Action item: Starting with the line with "Le Foulonné Continental wallet, Caramel" in the entries below and going on through the line with "Adjustable Back foam", output every line exactly and nothing more. No pictures.

======== Data for the task

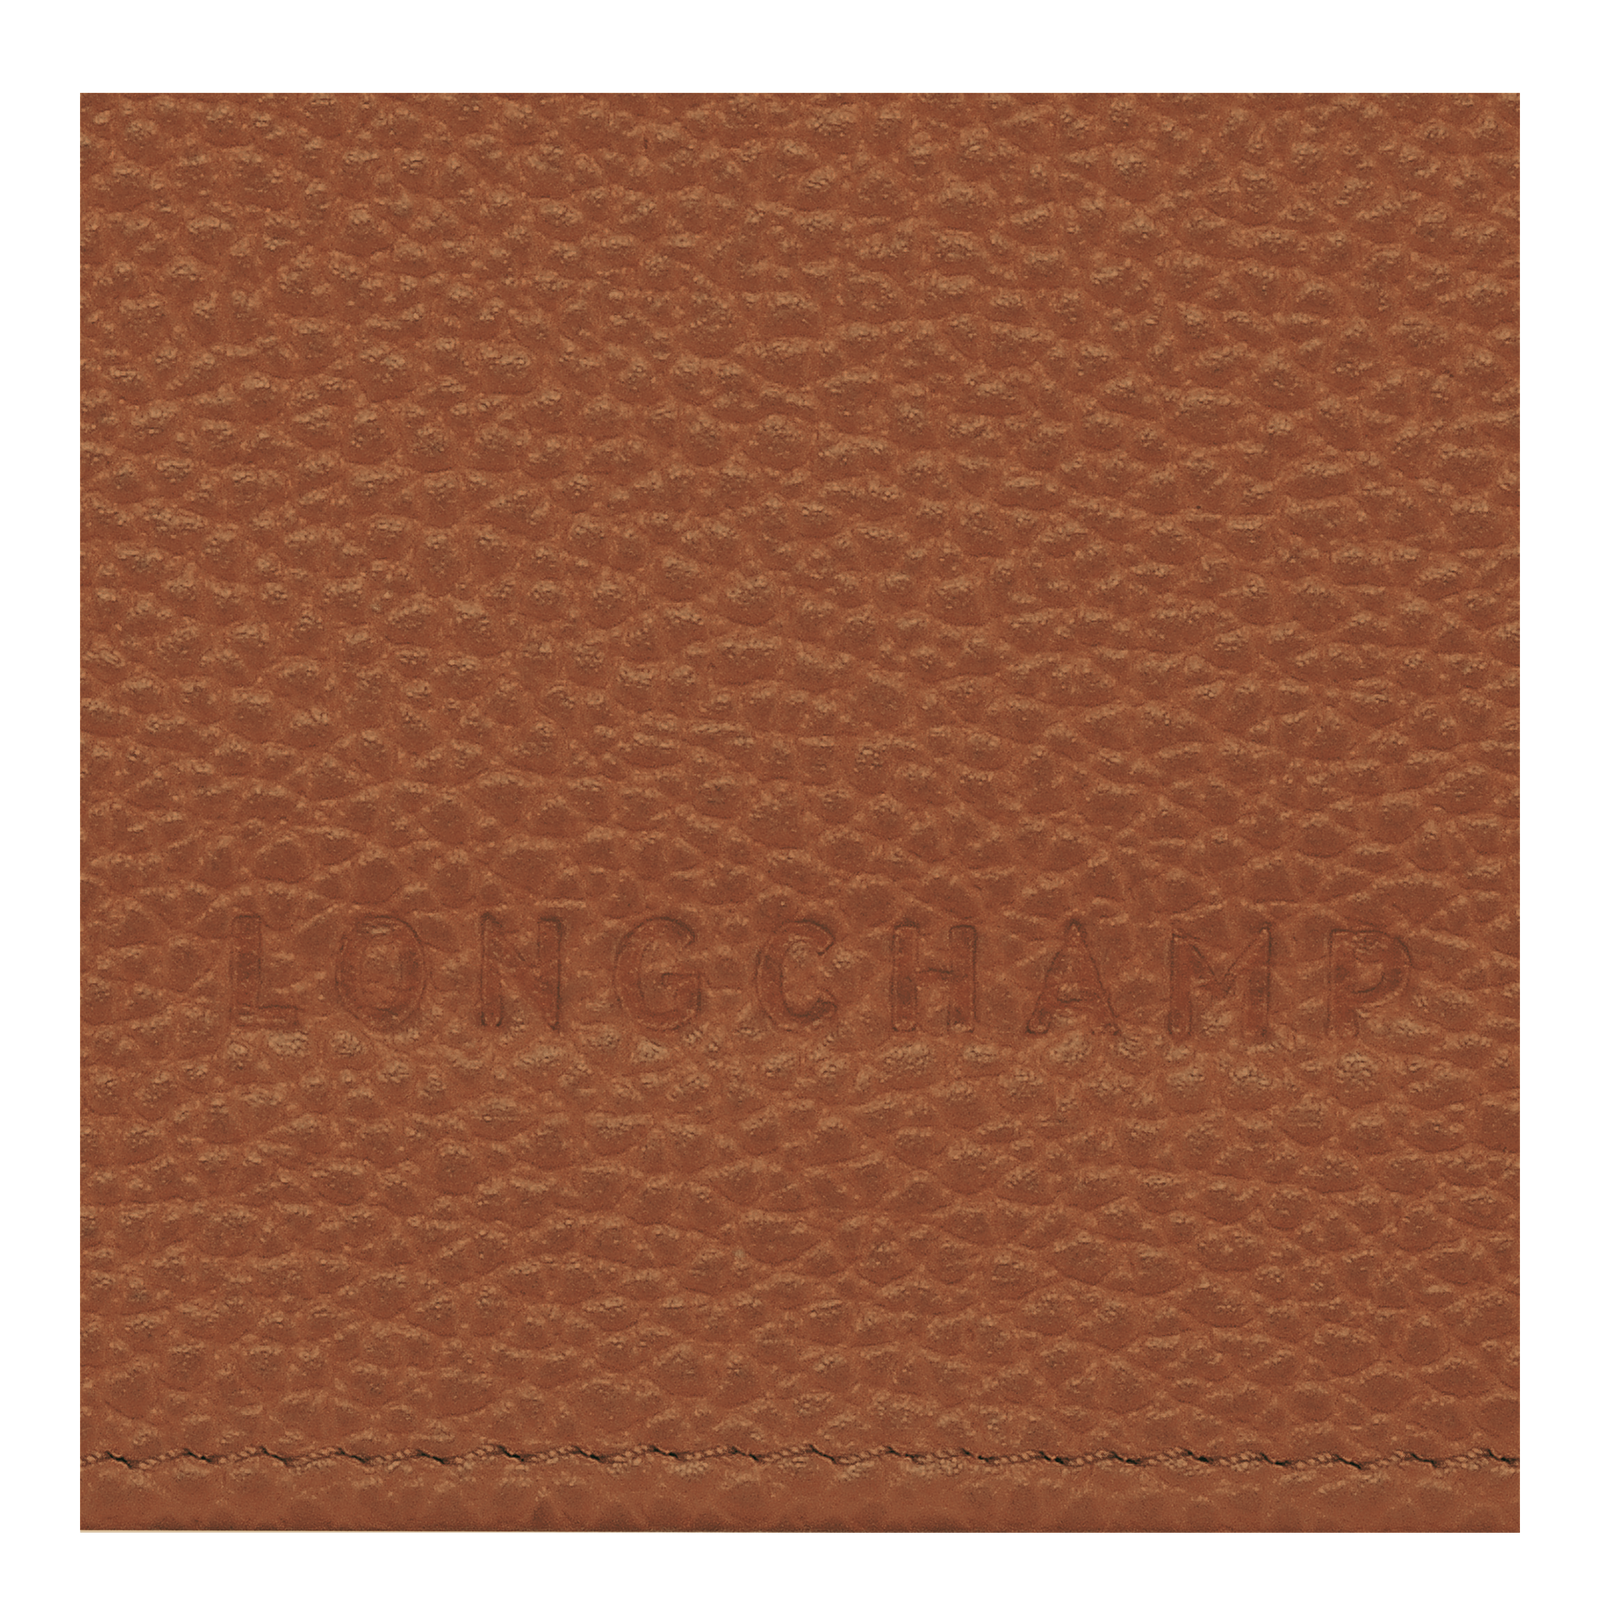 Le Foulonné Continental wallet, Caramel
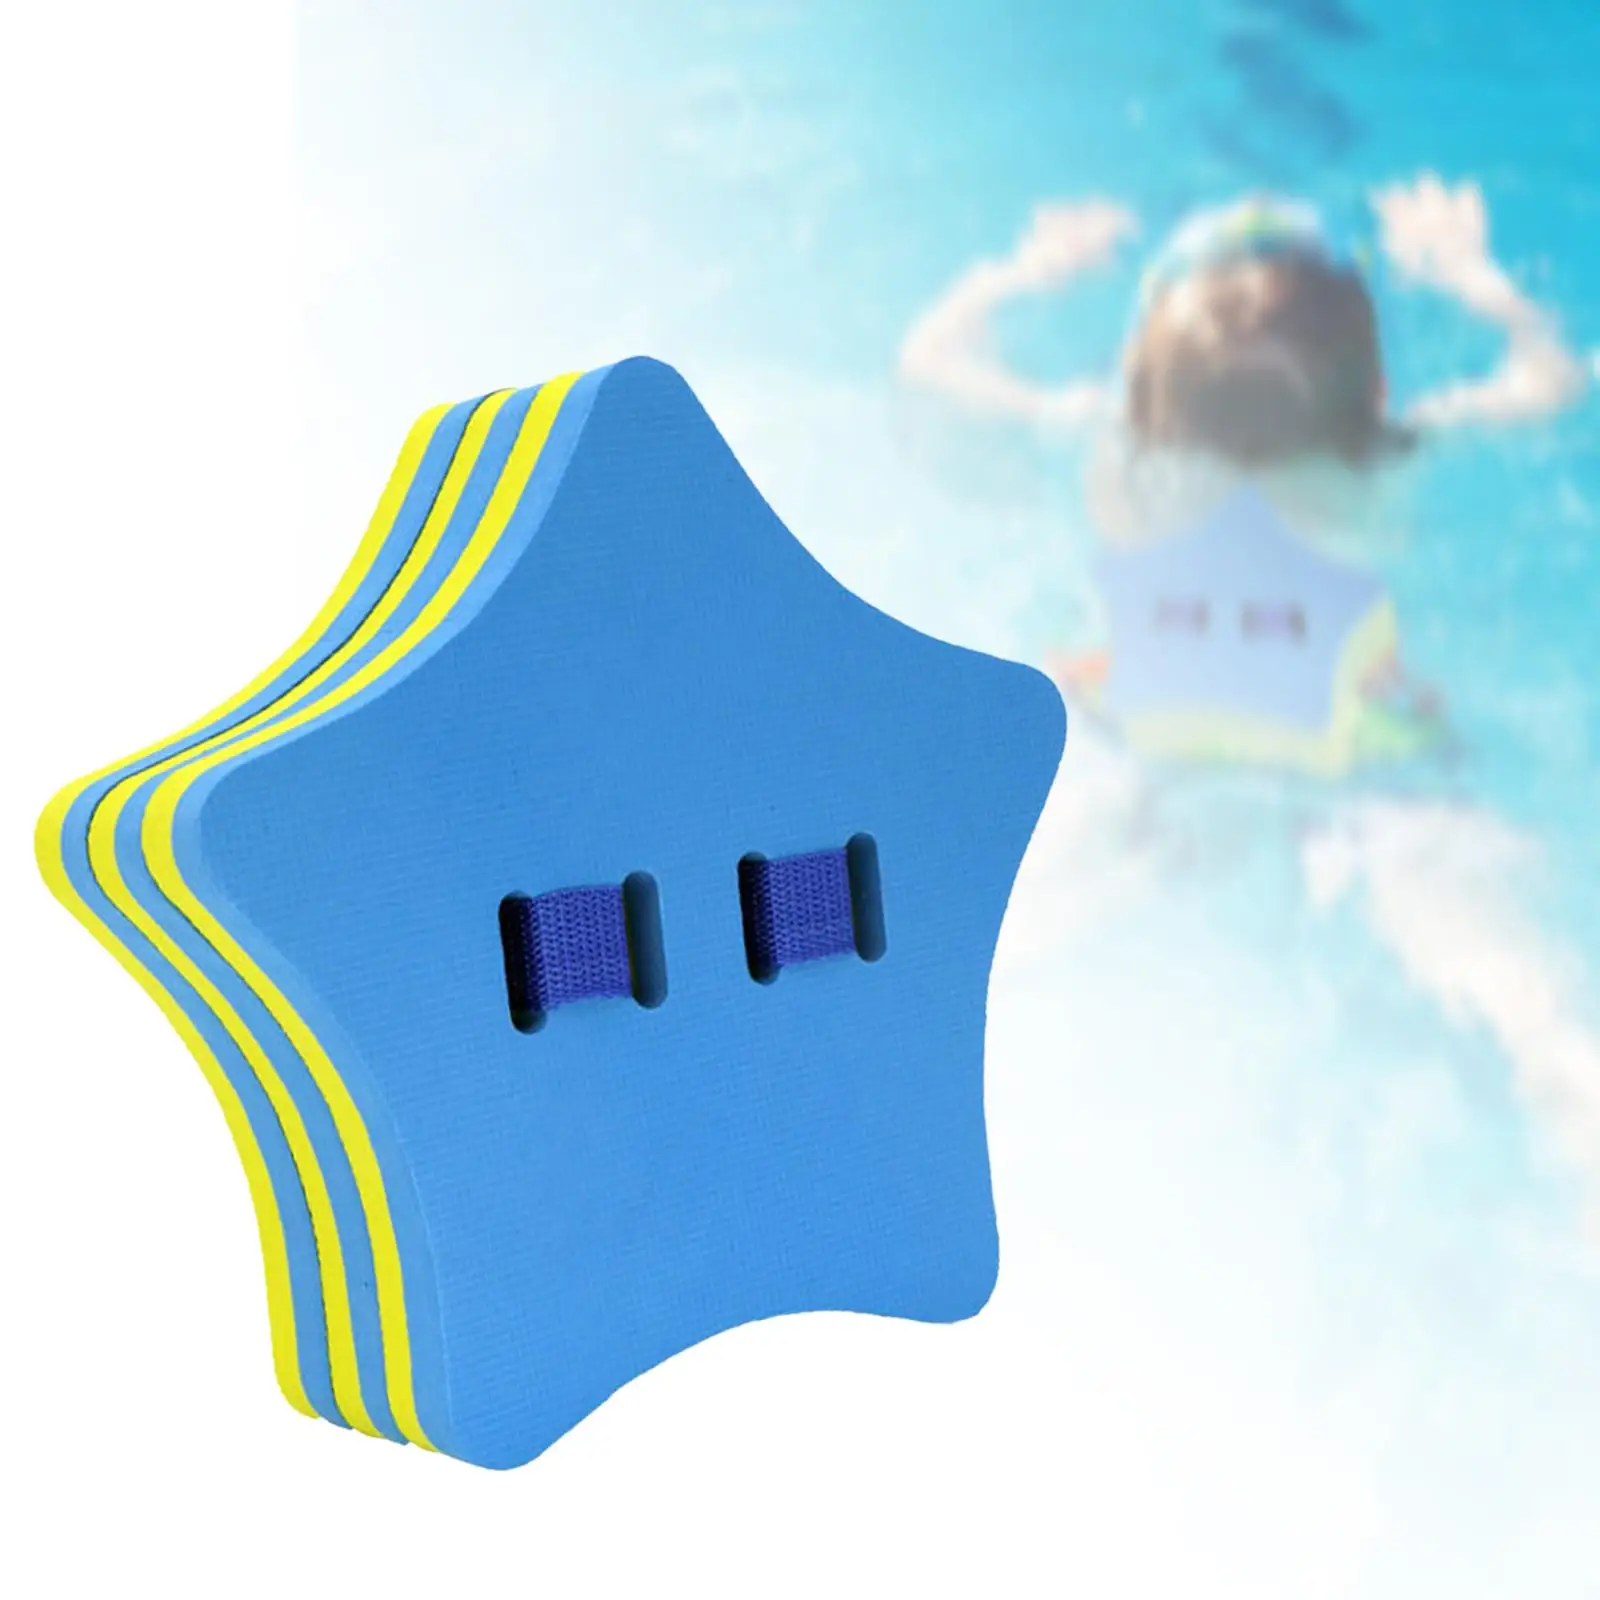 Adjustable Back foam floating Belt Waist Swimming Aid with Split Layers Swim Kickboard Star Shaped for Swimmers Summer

================
======== Data for the task

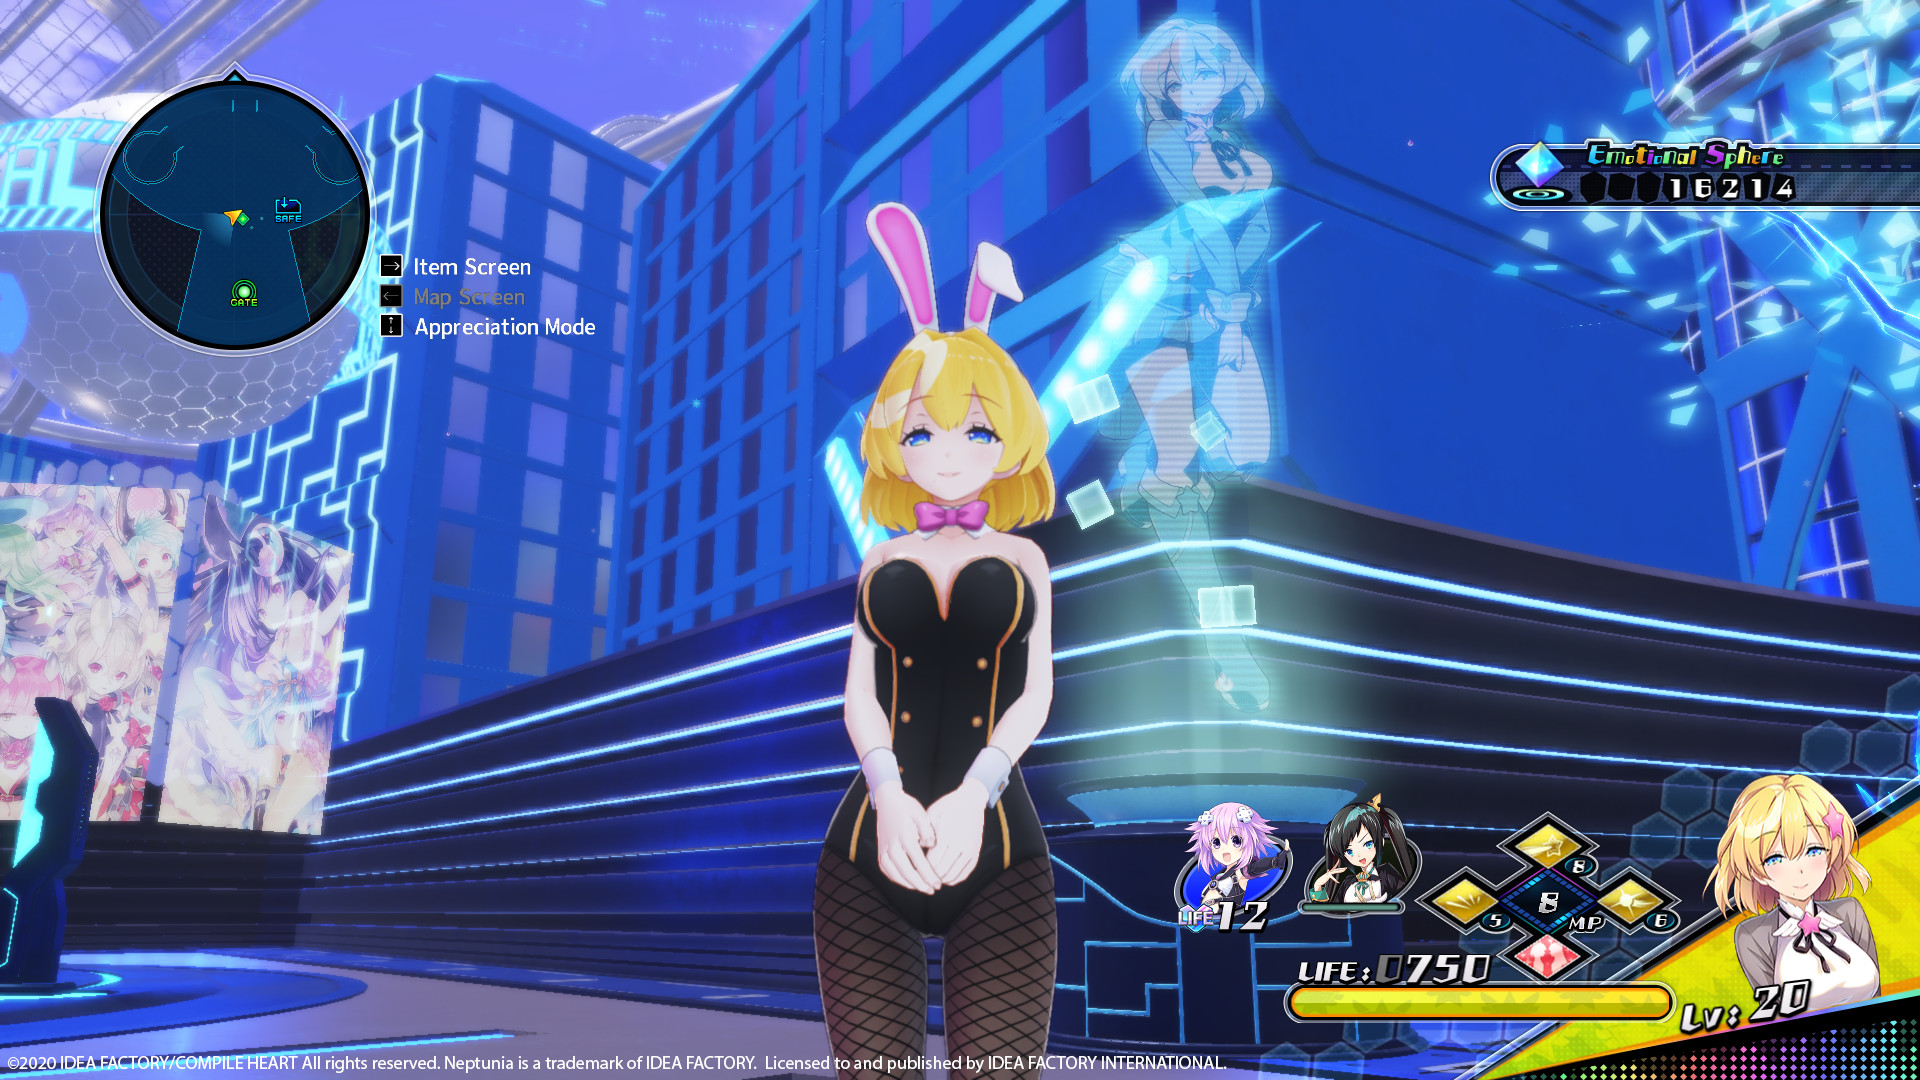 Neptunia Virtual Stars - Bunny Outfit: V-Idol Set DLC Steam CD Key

================

Reply to the exercise:
 Le Foulonné Continental wallet, Caramel
 Adjustable Back foam floating Belt Waist Swimming Aid with Split Layers Swim Kickboard Star Shaped for Swimmers Summer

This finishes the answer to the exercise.